Migrating fscrypt directories to new drives.

16 May 2024

A couple of weeks back I wrote about migrating Windbringer to a new laptop, but something I didn't go into a lot of detail about was migrating the encrypted volumes over. There were a few reasons for this, chief among them that I didn't want to put more information than I already had in that post for the sake of organization. Web search is a clusterfuck these days and I wanted to make potentially helpful information as easy to track down as possible. Anyway.

Surprising nobody who's known me for longer than an hour, the hard drives in all of my systems are encrypted at the disk level. I also partition off my work and research into other encrypted volumes inside of them to add an additional layer of protection. The chief advantage of this is that I can lock and unlock those volumes as needed.
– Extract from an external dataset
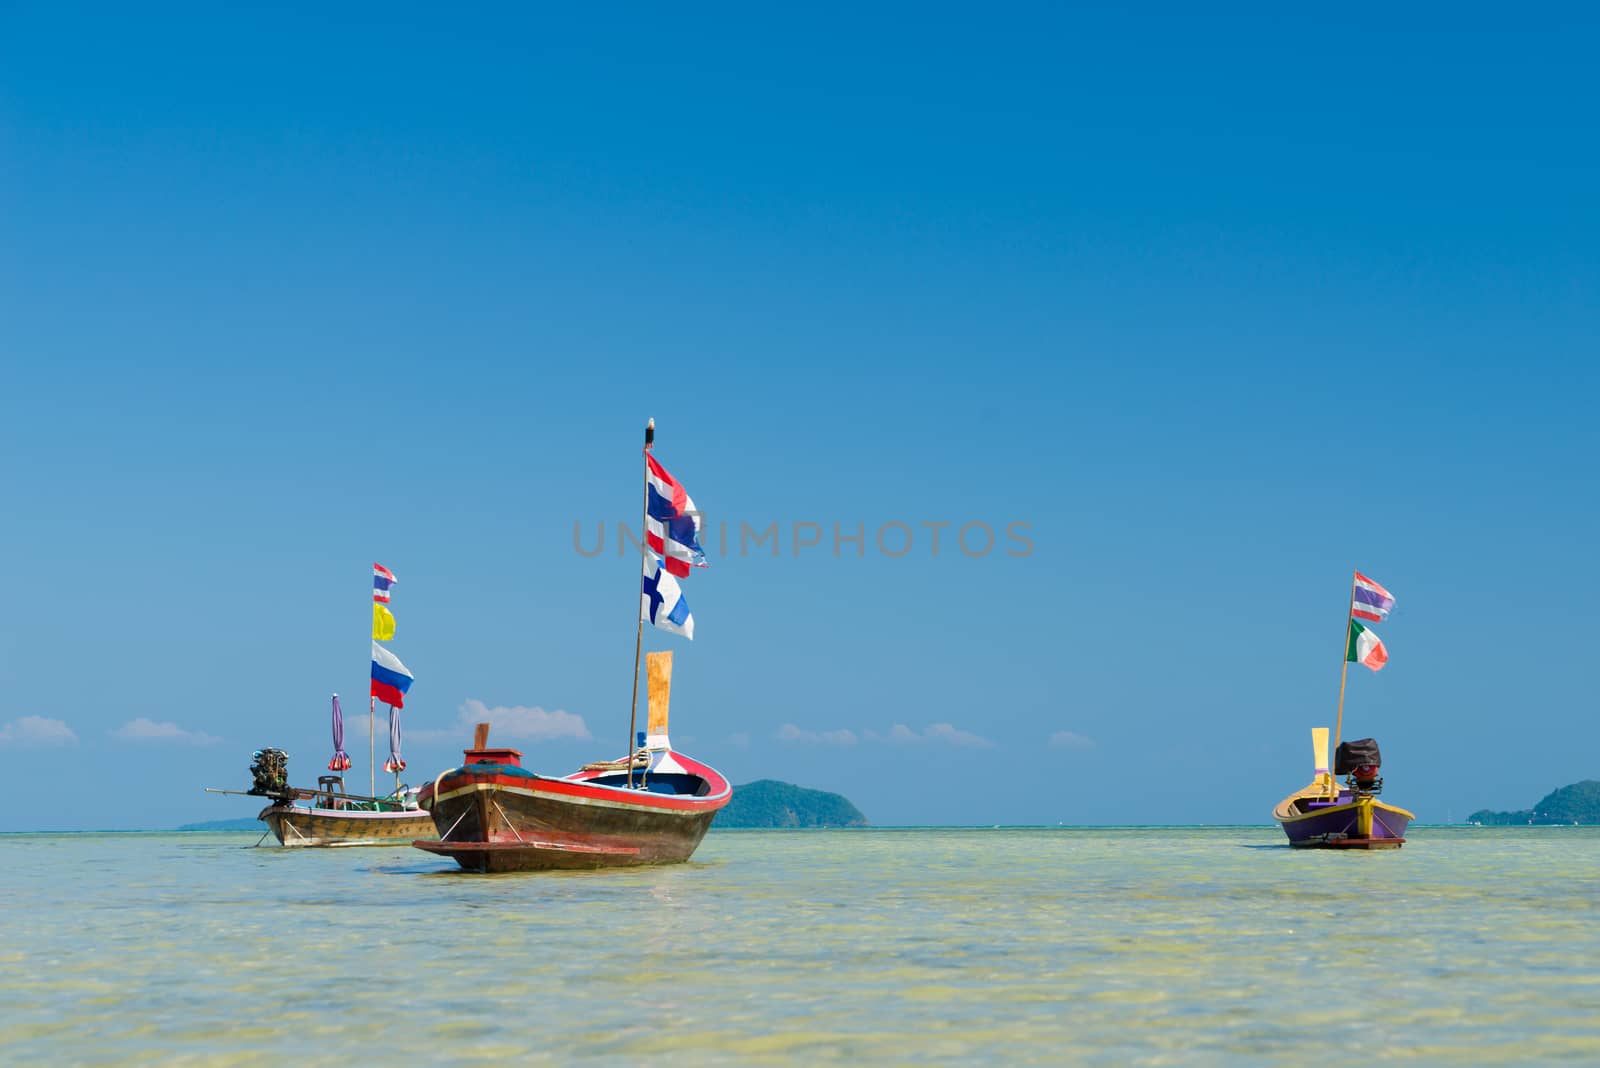 Traditional thai longtail boat at famous sunny Long Beach, Thailand, Koh Phi Phi Don, Krabi province, Andaman sea

Without going into too much detail and going off in a tangent, eCryptFS is the older file system level encryption system in Linux which hasn't been actively supported for quite a while. Last year I migrated to the newer and actively supported 1 mechanism called fscrypt, though I didn't write it up because the migration process amounted to "make a new encrypted directory structure, rsync the old one to the new one, test, lock the old one and erase it." There just wasn't anything I could say that would help anyone.

However now there is, vis a vis, how to mount and unlock an fscrypt directory structure on an external device (read: Windbringer's old hard drive) to copy the data over. The way fscrypt is implemented it's not as straight forward as plugging the drive in, typing in a password, and running rsync. But neither is it terribly difficult once you know a few things about how fscrypt works.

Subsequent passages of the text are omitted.